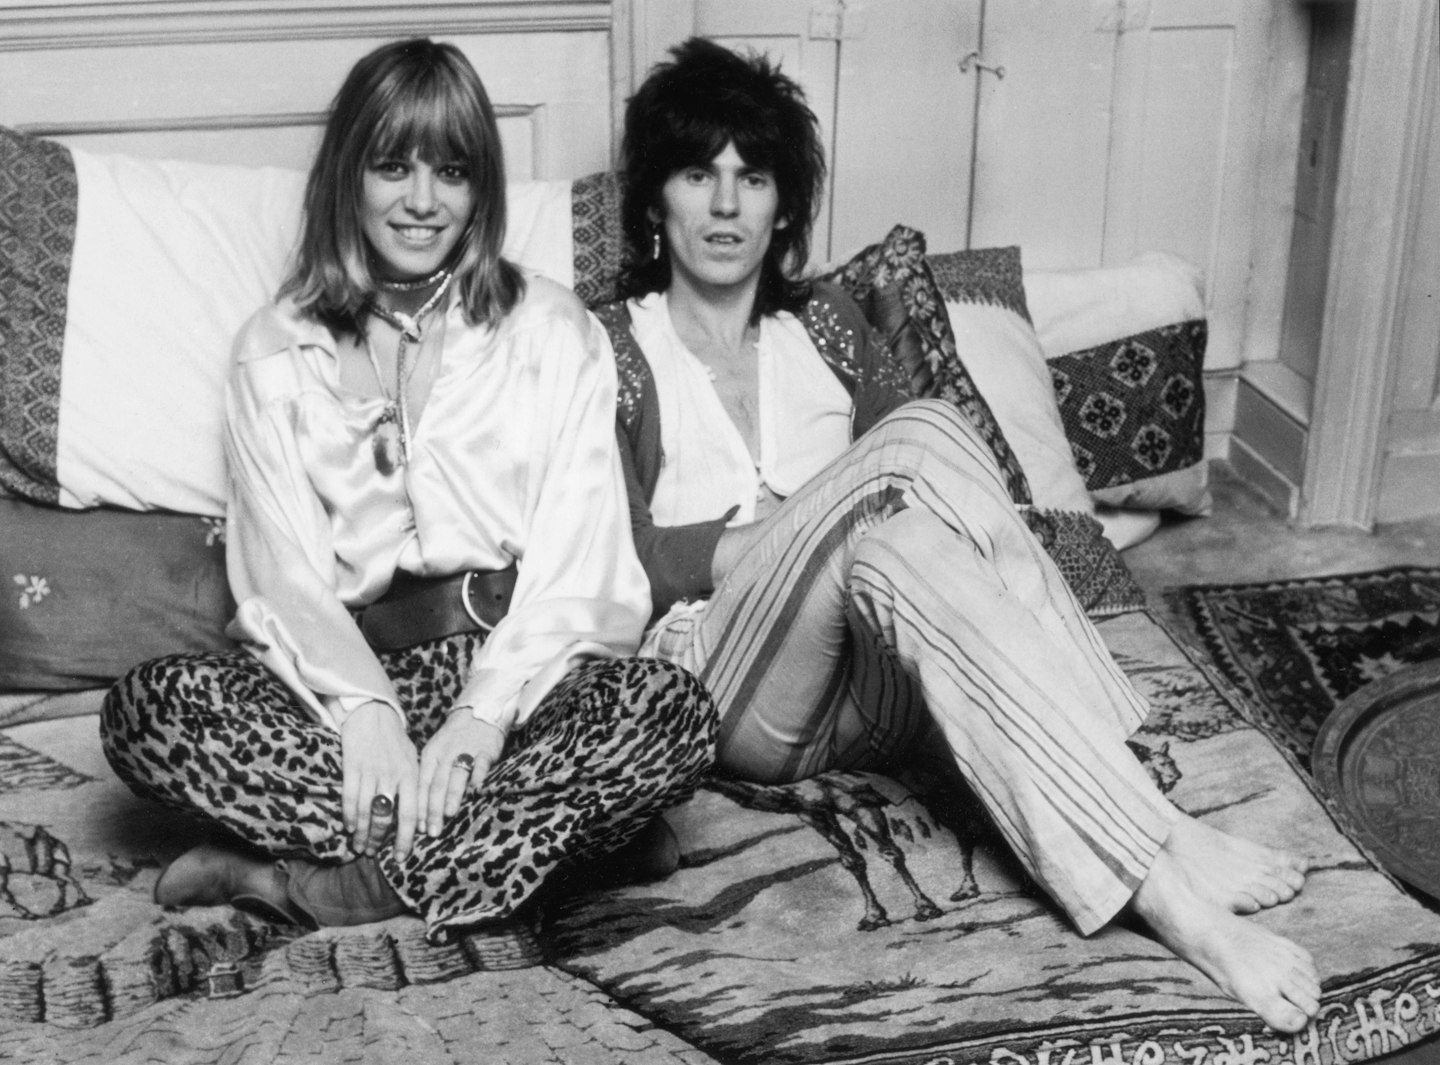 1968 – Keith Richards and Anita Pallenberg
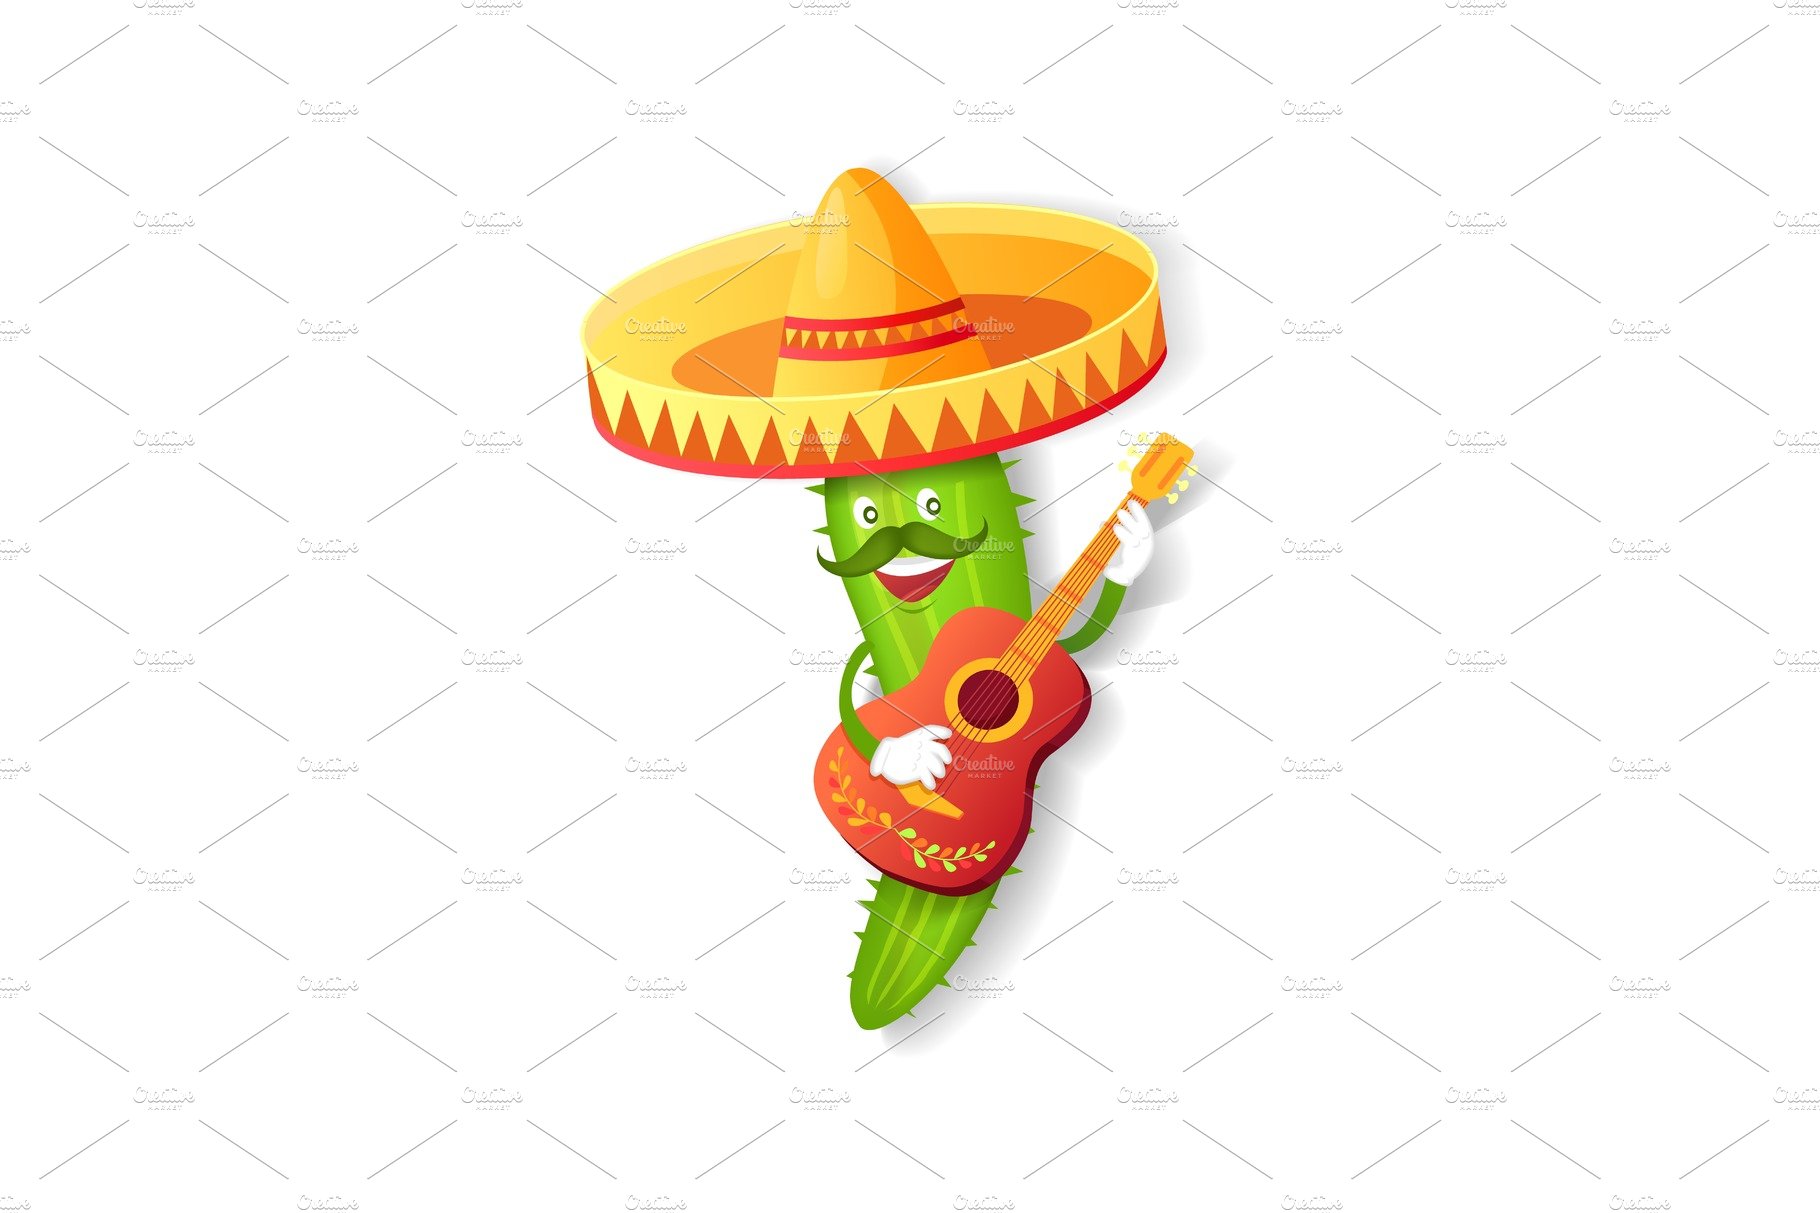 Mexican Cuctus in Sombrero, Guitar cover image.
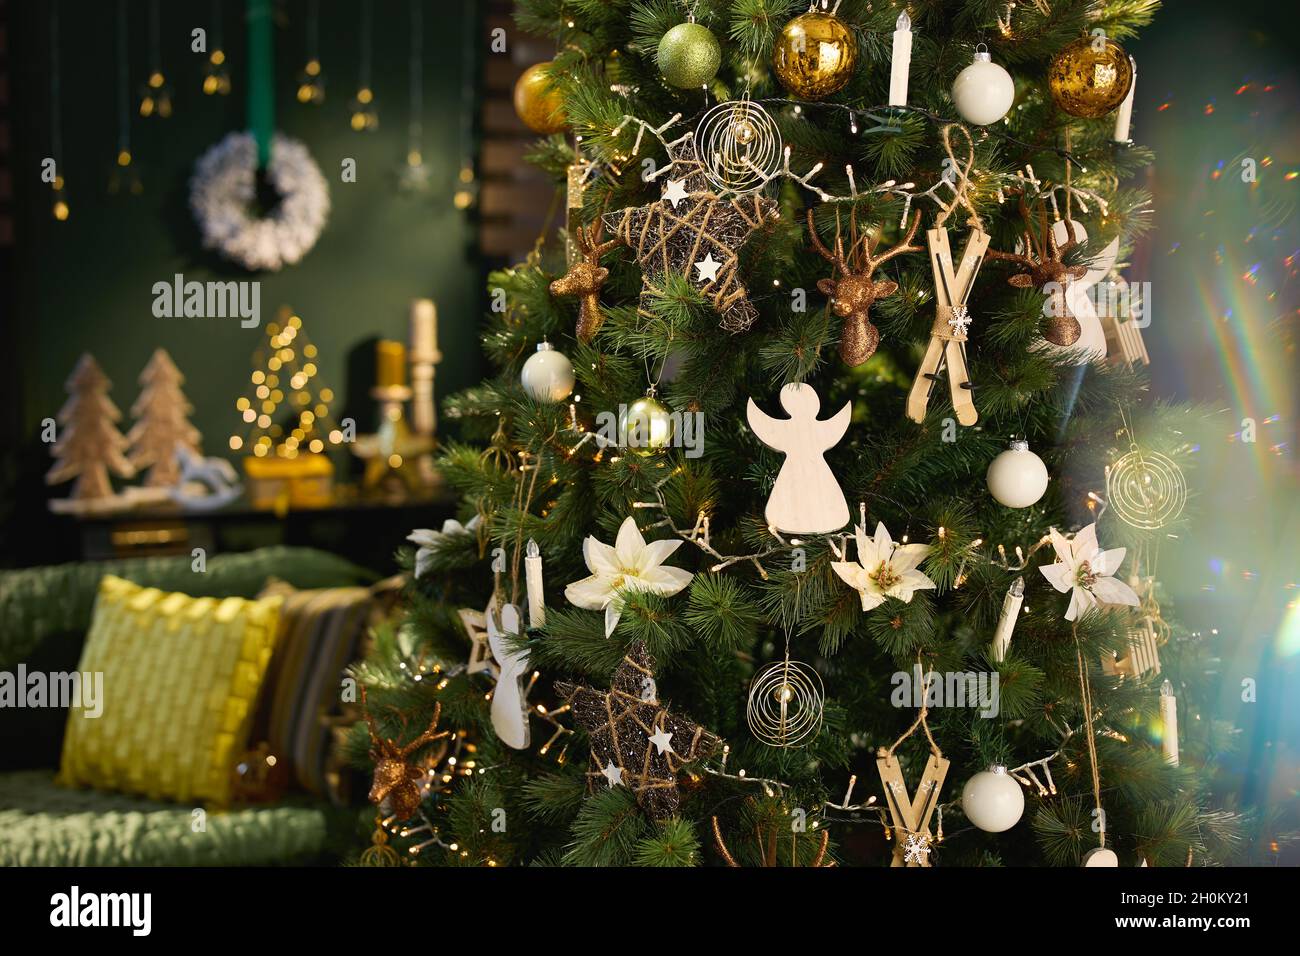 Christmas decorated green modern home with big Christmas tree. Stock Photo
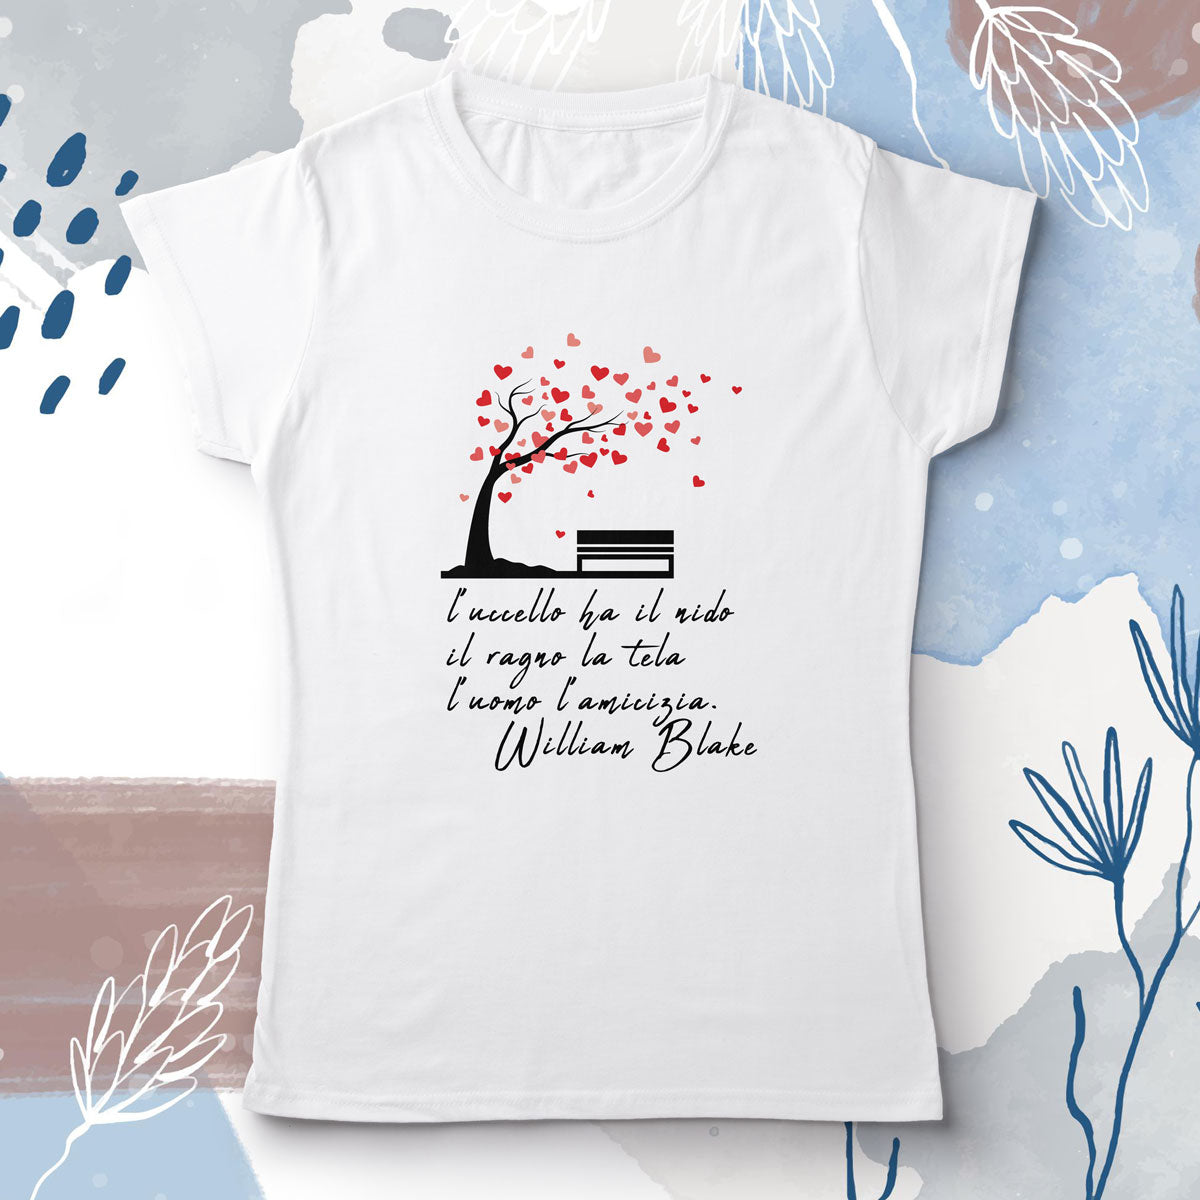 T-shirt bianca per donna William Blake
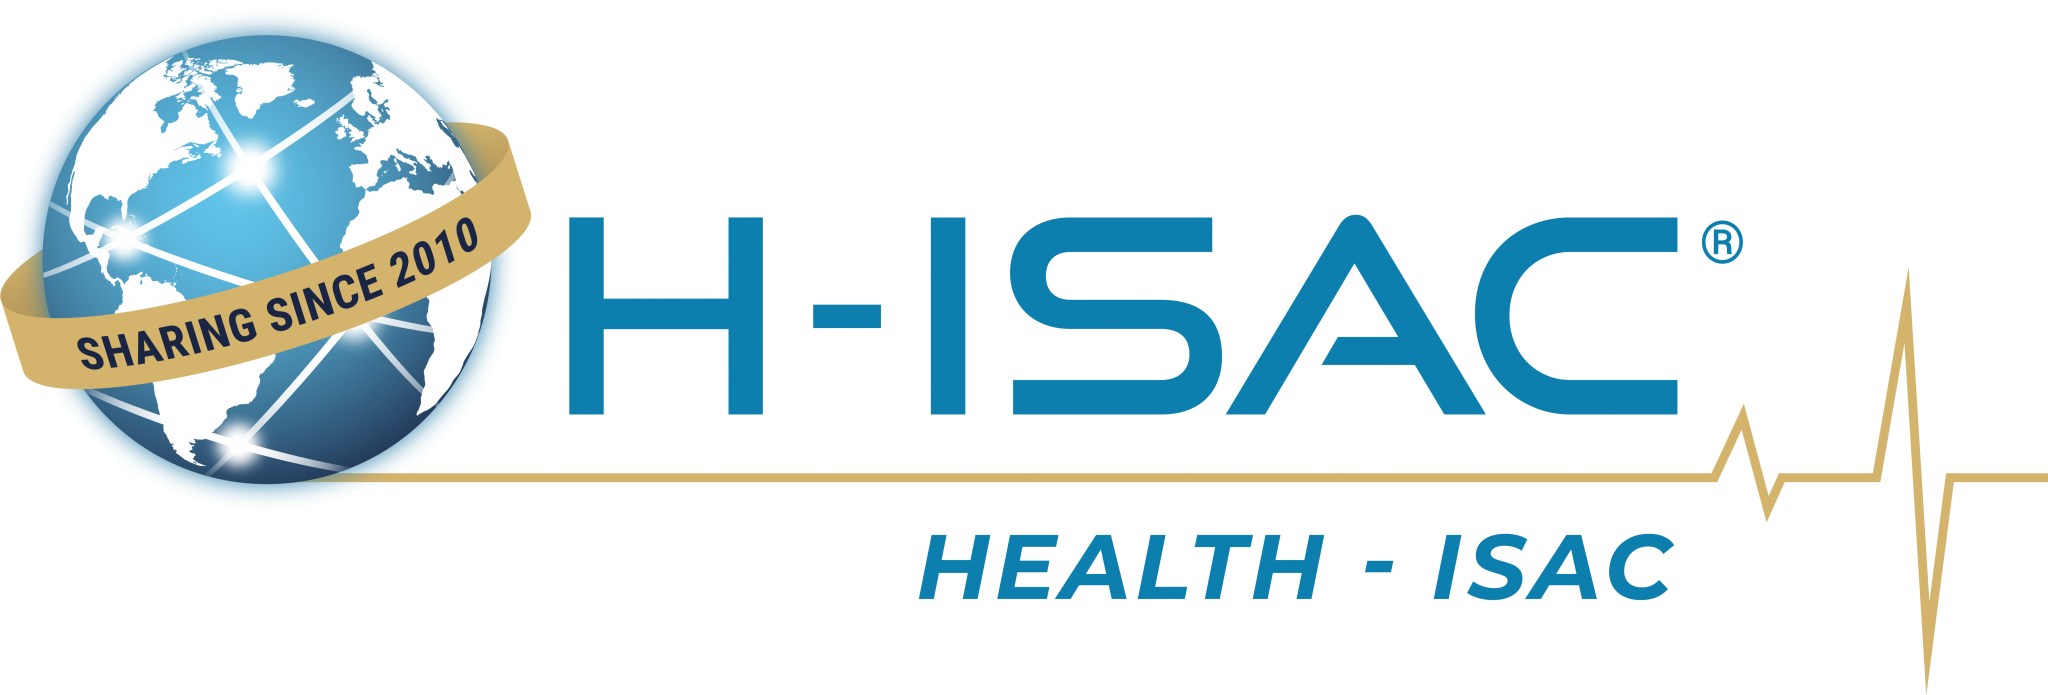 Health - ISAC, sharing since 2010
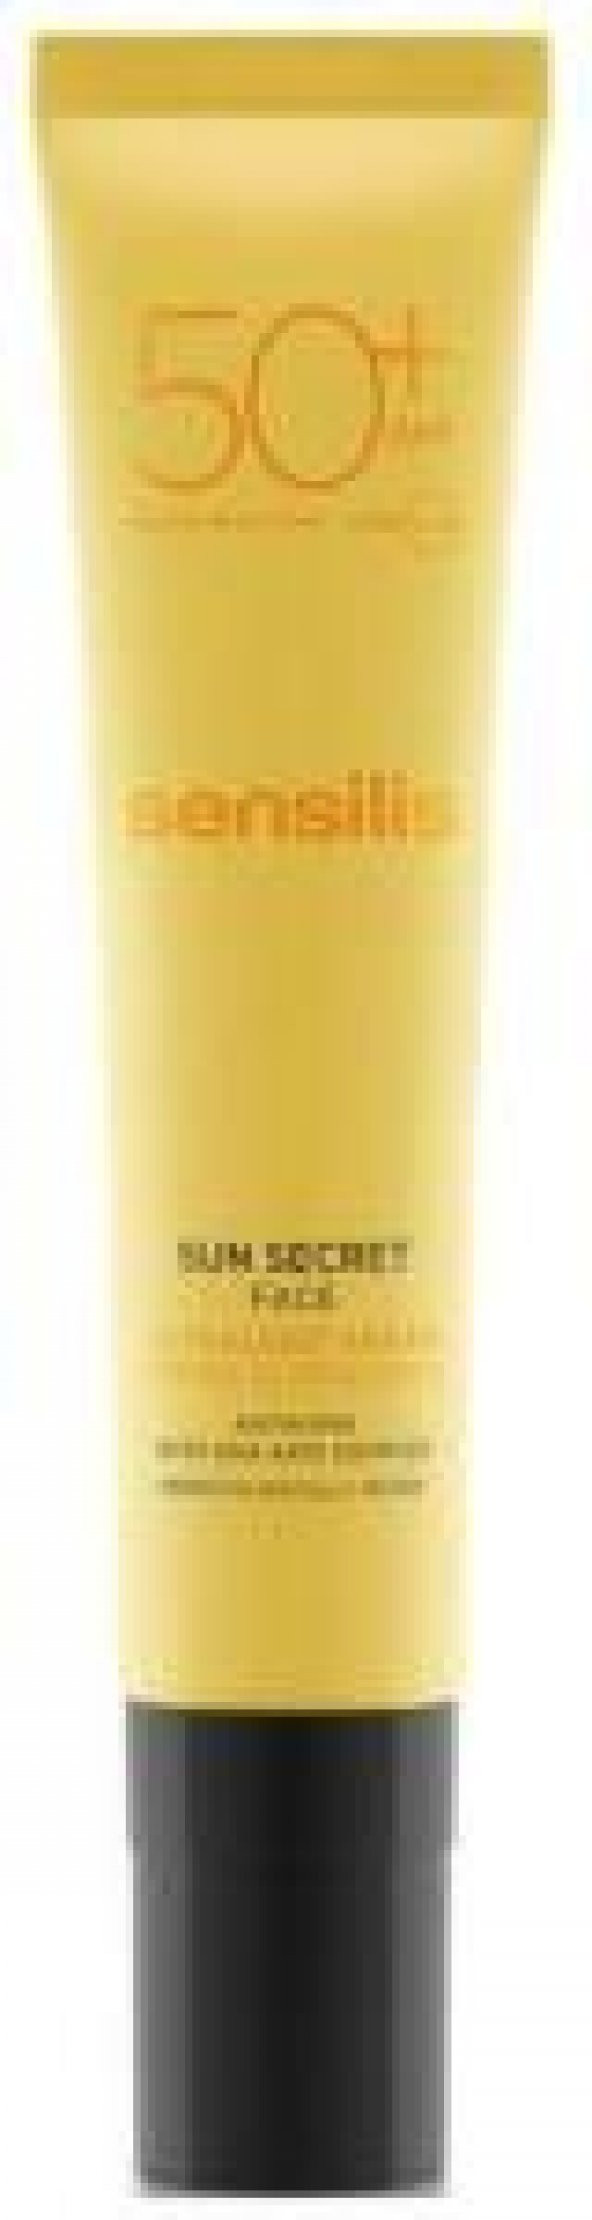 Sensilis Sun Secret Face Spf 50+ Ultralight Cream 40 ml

-----

## HOW TO COMPLETE THIS TASK
Give back all of the material exactly, though without the images it contains.

## YOUR RESPONSE
 1968 – Keith Richards and Anita Pallenberg
 Mexican Cuctus in Sombrero, Guitar cover image.
 Christmas decorated green modern home with big Christmas tree. Stock Photo
 T-shirt bianca per donna William Blake
 Health - ISAC, sharing since 2010
 Sensilis Sun Secret Face Spf 50+ Ultralight Cream 40 ml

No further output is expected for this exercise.